Chapter 1 deals with the literary survey of the importance and effects of molecular crowding on biological reactions. It gives a brief history of the efforts been made so far by experimentalists, to mimic macromolecular crowding and the methods applied. The chapter tries to project an all-round perspective of the pros and cons of different immobilization techniques as a means to achieve a high surface density of molecules and the advancements so far.
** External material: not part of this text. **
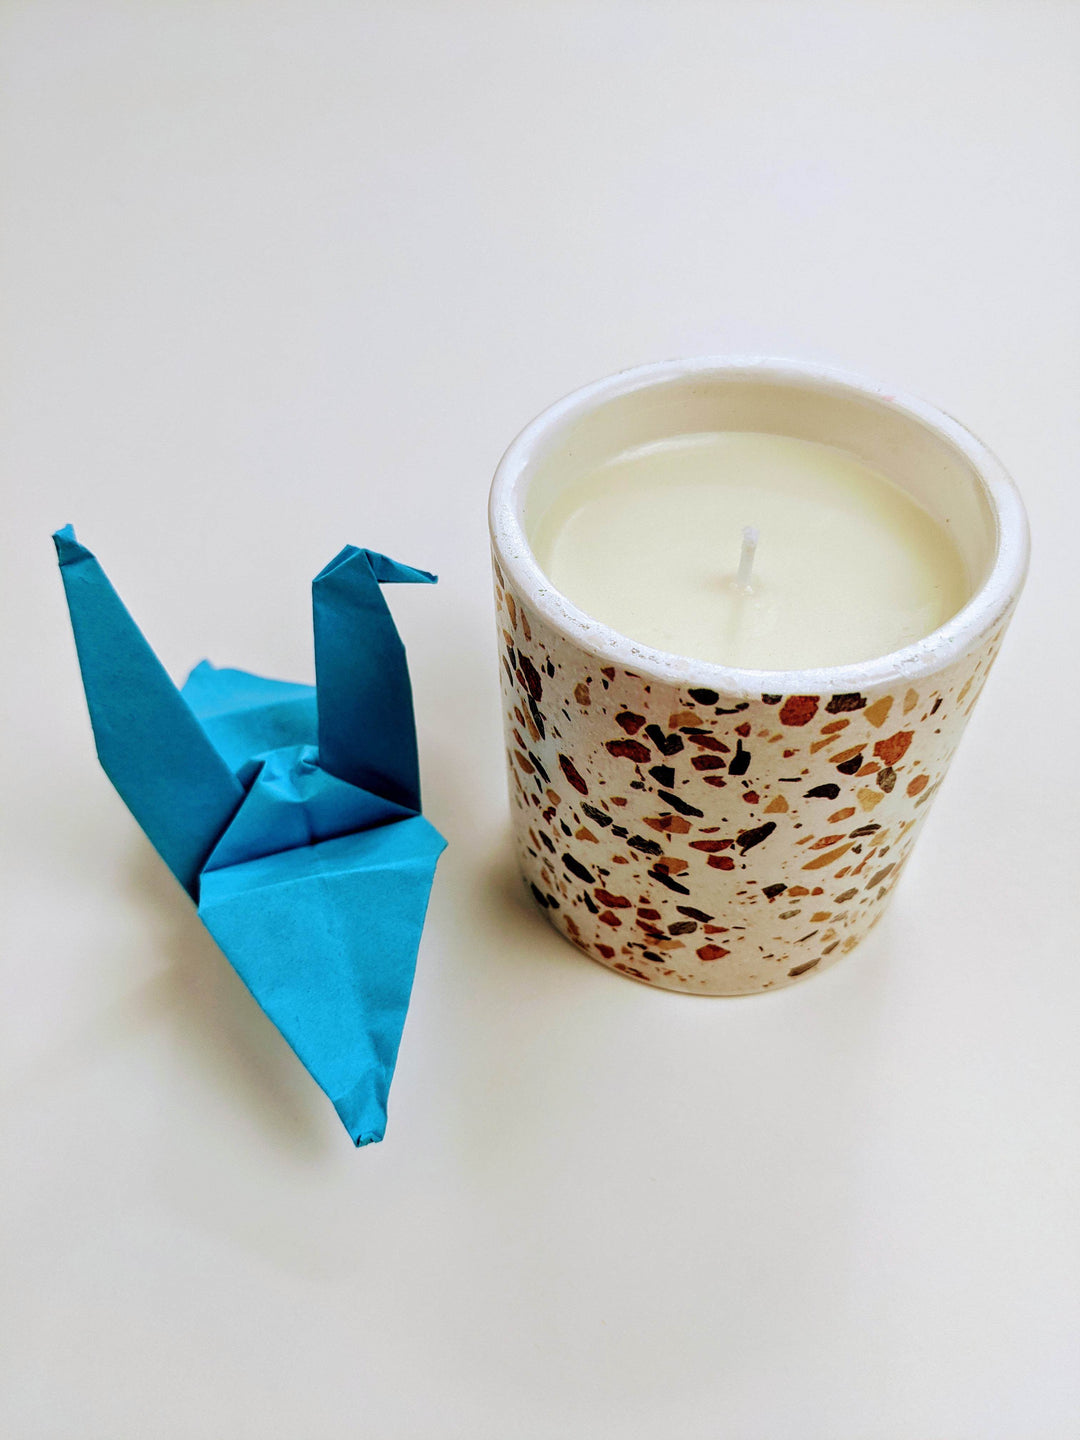 a white speckled candle next to a blue paper crane

Chapter 2 deals with the detailed technicality and applicability of the Langmuir-Blodgett method. It discusses the rationale behind our developing this technique as an alternate means of bio-affinity immobilization, under physiologically compatible conditions. It then goes on to describe our efforts to follow the sequence-specific and sequential assembly process of a functional RNA polymerase enzyme with one immobilized partner and also explore the role of omega subunit of RNAP in the reconstitution pathway. This chapter uses the assembly process of a multi-subunit enzyme to evaluate the efficiency of the LB system as a universal two-dimensional scaffold to follow sequence-specific protein-ligand interaction.
Chapter 3 discusses the application of LB technique to quantitatively evaluate the kinetics and thermodynamics of promoter-RNA polymerase interaction under conditions of reduced dimensionality. Here, we follow the interaction of T7A1 phage promoter with Escherichia coli RNA polymerase using our Langmuir-Blodgett technique. The changes in mechanistic pathway and trapping of kinetic intermediates are discussed in detail due to the imposed restriction in the degrees of freedom of the system. The sensitivity of this detection method is compared vis-a-vis conventional immobilization methods like SPR. This chapter firmly establishes the universal application of LB technique as a means to emulate molecular crowding and as a sensitive assay for studying the effects of such crowding on vital biological reaction pathway.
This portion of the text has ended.